A recently published study found that the majority of cardiac patients utilizing fish oil dietary supplements did so without the recommendation of a healthcare professional and without proper medical supervision.
In order to determine and better understand misconceptions regarding fish oil dietary supplements, the study authors assessed patient’s patterns of use and knowledge surrounding these products. During the study, an anonymous survey was presented to 1000 consecutive patients in the in-patient cardiology service at the Creighton University Medical Center between January 2015 and March 2017.
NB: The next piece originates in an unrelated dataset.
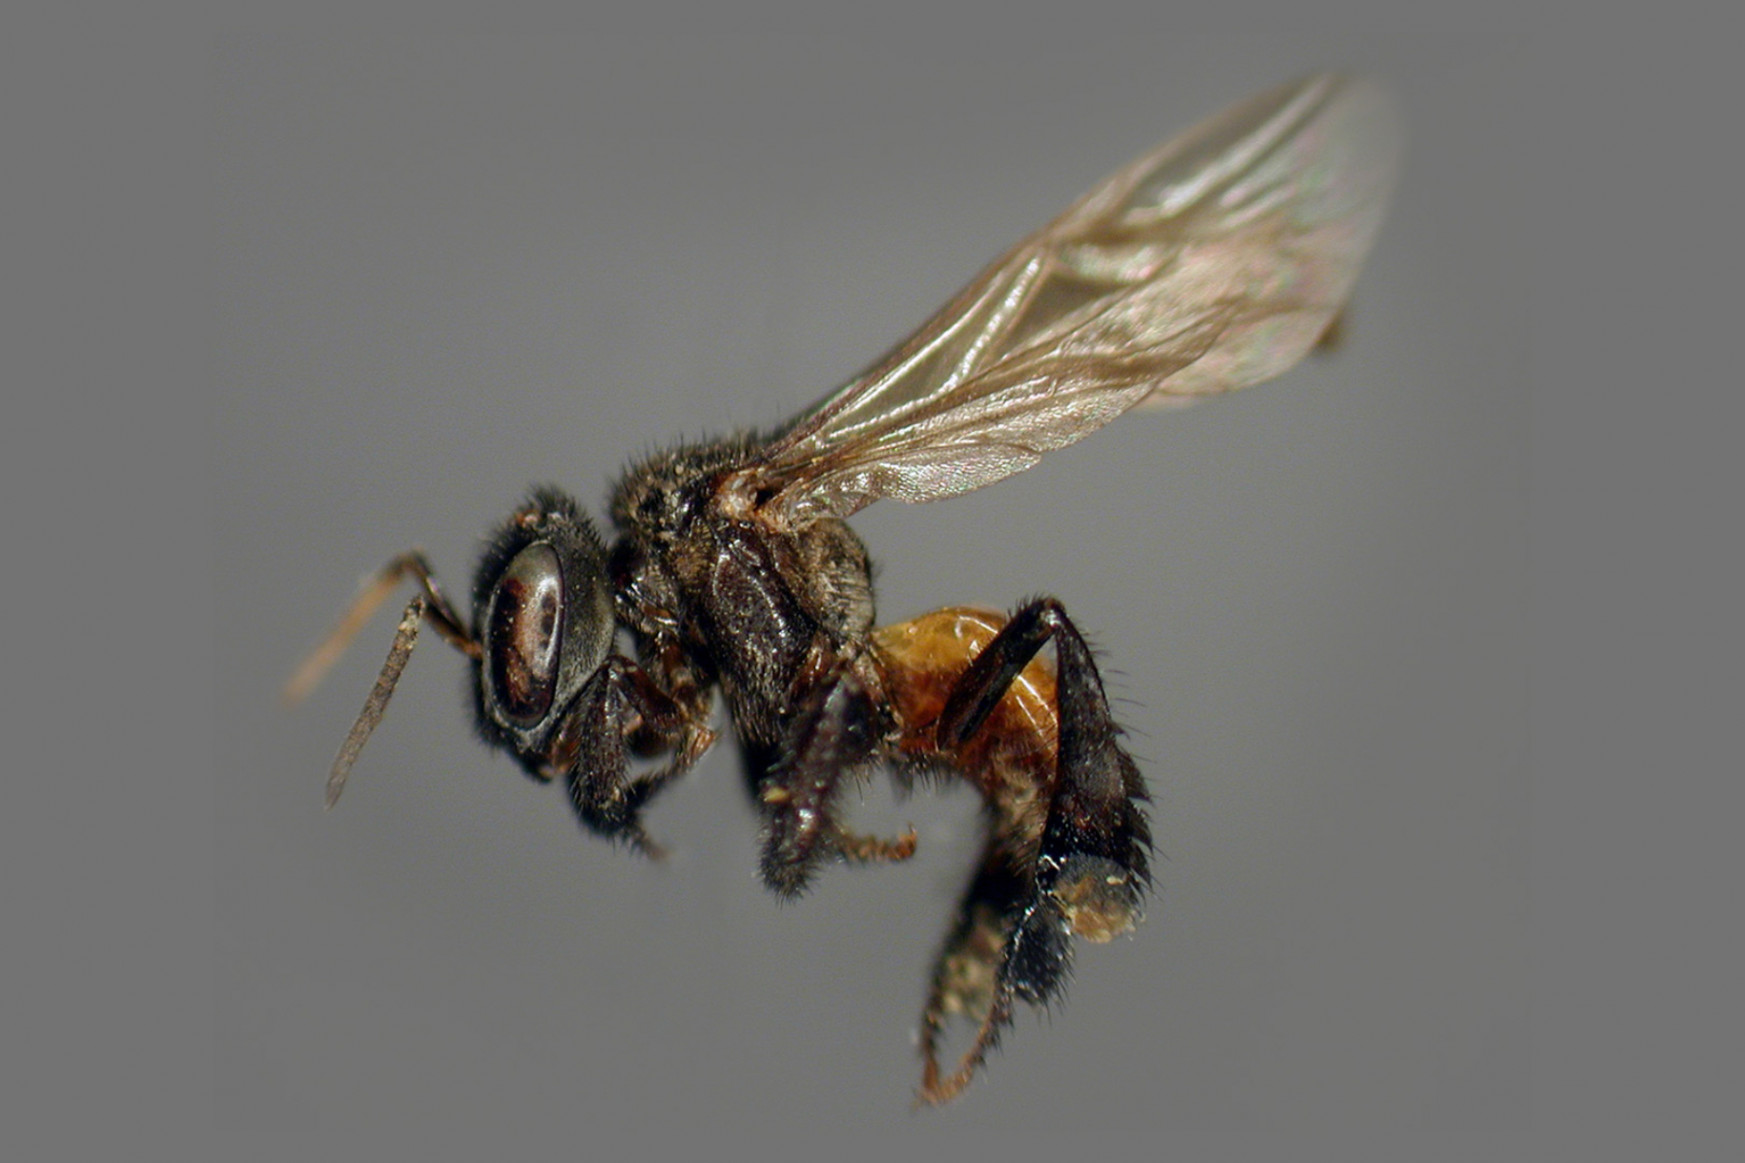 A dögevő méhek hetekig rohasztott hússal etetik a lárváikat
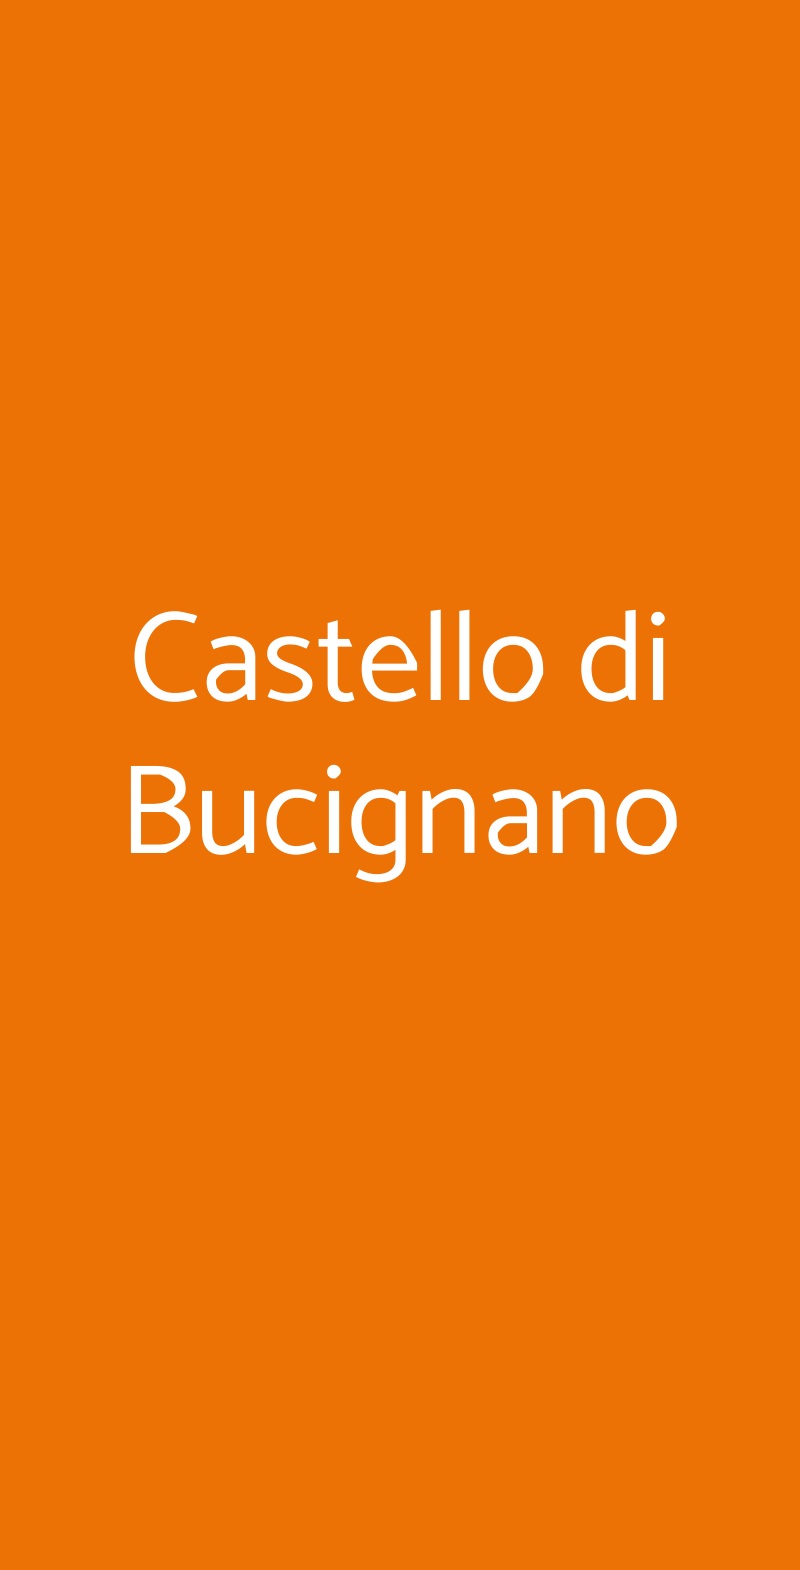 Castello di Bucignano Castelnuovo di Val di Cecina menù 1 pagina

The survey included 10 multiple choice questions inquiring about reasons for use, active ingredients in and brand of the product, prescriber recommendations, purchase place, cost, pill burden, and the use of supplements versus prescription omega-3 fatty acids. Of the total patients who received the survey, 71% (N=711) completed it.
“Primary reasons for use included general health (34%), heart health (28%), arthritis (9%), and lipid disorders (8%),” the study authors reported. Results of the survey found that only 14% of patients were recommended to initiate fish oil products by a healthcare provider while 2.5% received prescription omega-3-fatty acids.
Additionally, findings of the study also showed that only 26% of respondents knew the active ingredient in their supplement and 81% obtained their supplements through nonpharmacy retail sellers.
“Most cardiac patients consuming fish oil dietary supplements do so without medical supervision and without knowledge of the active ingredients,” the study authors concluded. They added, “As most patients obtain supplements outside of a pharmacy, opportunities to monitor and educate patients remain a major challenge.”